まずい、と紅焔は思った。彼は即座に物陰から飛び出すと、離れたところに立っている警官たちに向かって全力で叫んだ。
「いけない、すぐにここから逃げるんだ!」
警官たちは急に現れた男の姿に僅かだけ驚いた様子を見せたが、すぐにそんな暇もなくなった。建物全体が、今度こそ危険と思われるレベルで揺れ始めたからだ。局所的に、震度五から六ぐらいの巨大な揺れが発生していた。
迷ってはいられない、と紅焔は瞬時に警官たちに向かって飛び掛かった。
「抵抗をやめろ、さもないと……」
そう言って腰のホルスターから拳銃を取り出そうとした警官たち数名を、紅焔はあっという間に抱え込むと建物の外に向かって転がり出た。直後、それまで紅焔たちのいた一階のフロアが音を立てて崩壊した。続いて、脆くなっていたと思われる廃ビル全体がメキメキと折れ曲がりながら縦方向に潰れていく。
唖然とする警官たちに比して、紅焔は落ち着いた表情をしていた。いや、落ち着いているというよりは努めて冷静にしていたといったほうが正しい。本当はその内側は、烈火の如き怒りで満ち溢れていたからだ。
廃ビルが崩れても、襲い来る揺れは止まなかった。
やがてその揺れが最高潮に達したとき、何かがガレキの山の中から顔を出した。それは一見すると白銀色の槍の先端のようにも見えた。しかし見る見るうちに巨大になっていくそれは、いつしか周囲の家屋よりも巨大なその全貌を表していた。巨大な円錐状のソレは甲高い作動音を響かせて高速で回転し続けていた。

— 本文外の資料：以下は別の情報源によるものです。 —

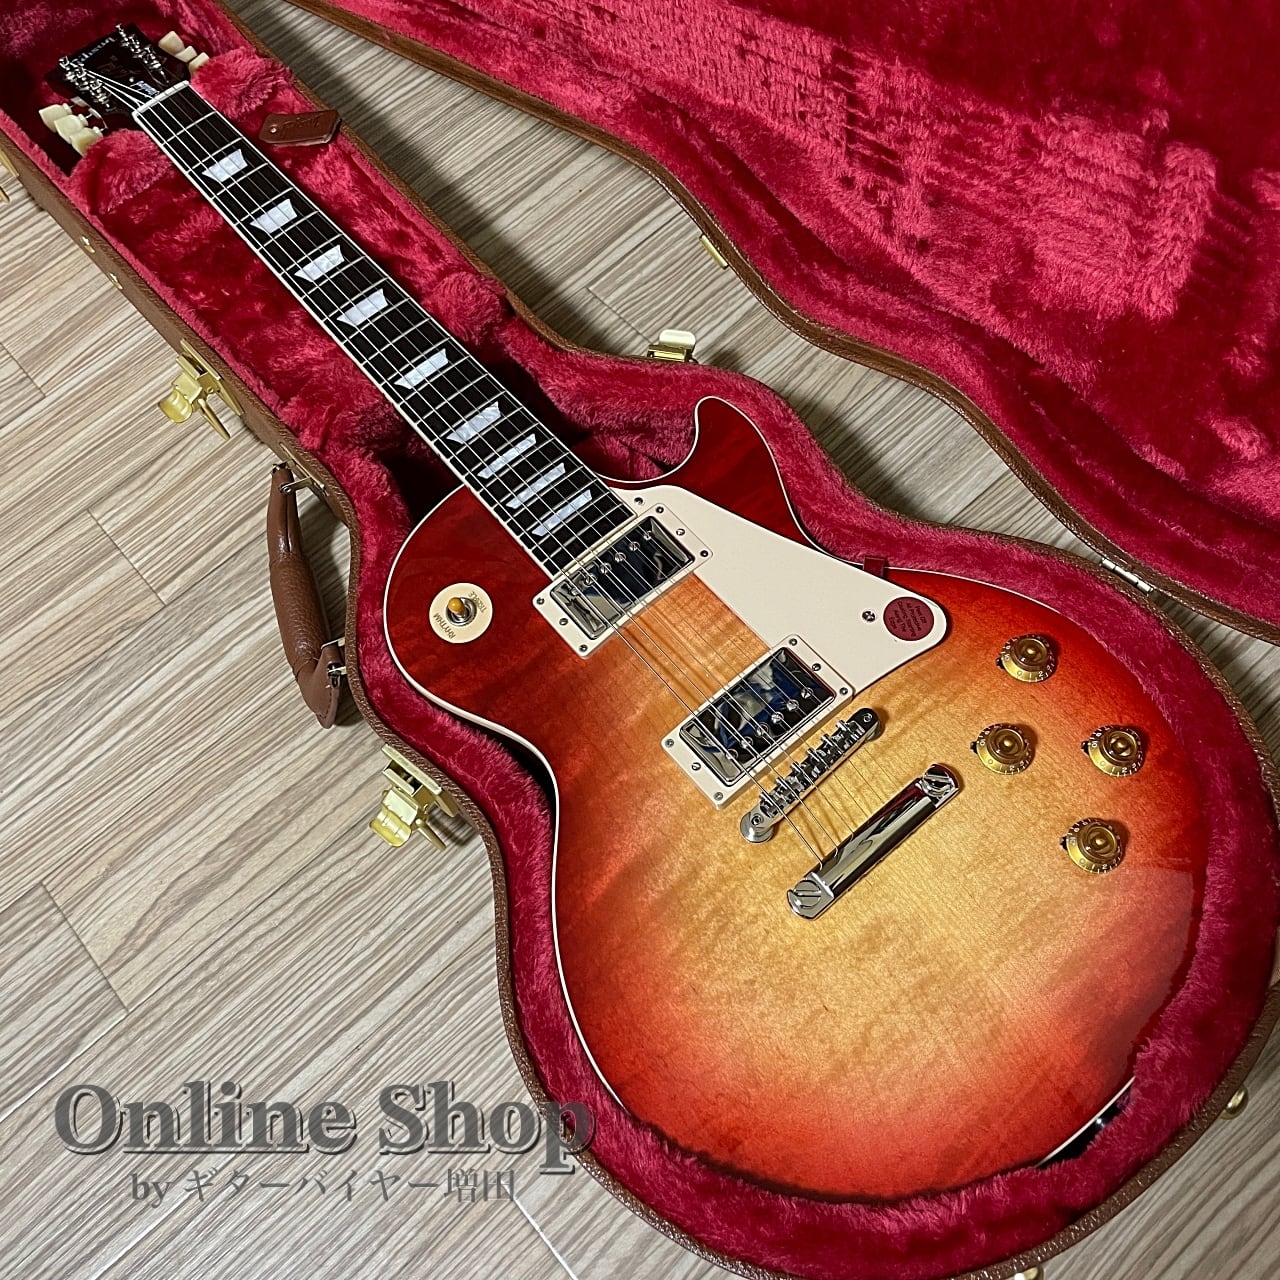 Gibson   Online Shop by ギターバイヤー増田

それに続いてさらに巨大な何かが、大地を引き裂いて地上に出てこようとしていた。ガレキの山とその周辺の地面がメリメリとひび割れ、続いてどんどんと盛り上がっていく。とうとうその場にへたれていた警官たちは、耐え切れなくなって悲鳴を上げながら、泡を食ったように自らの足で逃げ出した。乗ってきたパトカーの一台は、とっくにガレキに潰されて使い物にならなくなっていた。唯一無事だったもう一台のパトカーも、地面を突き破って出現した巨大なクレーン車のアームのようなものでたちまちグシャリと押し潰される。
紅焔はゆっくりと後退しながら、その姿を見て憎々しげに言った。
「現れたな……化け物め!」
応えるように、地下から出現したその巨大な物体が耳障りな叫び声をそこら中に響かせた。警官たちの落としていった携帯式の電磁波探知機が、たちまちメーターの針が振り切れる形でひとりでに破壊された。
いま、悪夢の巨体が鎌首をもたげようとしていた。被った土を振り落とし、鋼のボディが冬の日差しを浴びて鈍く煌きらめいた。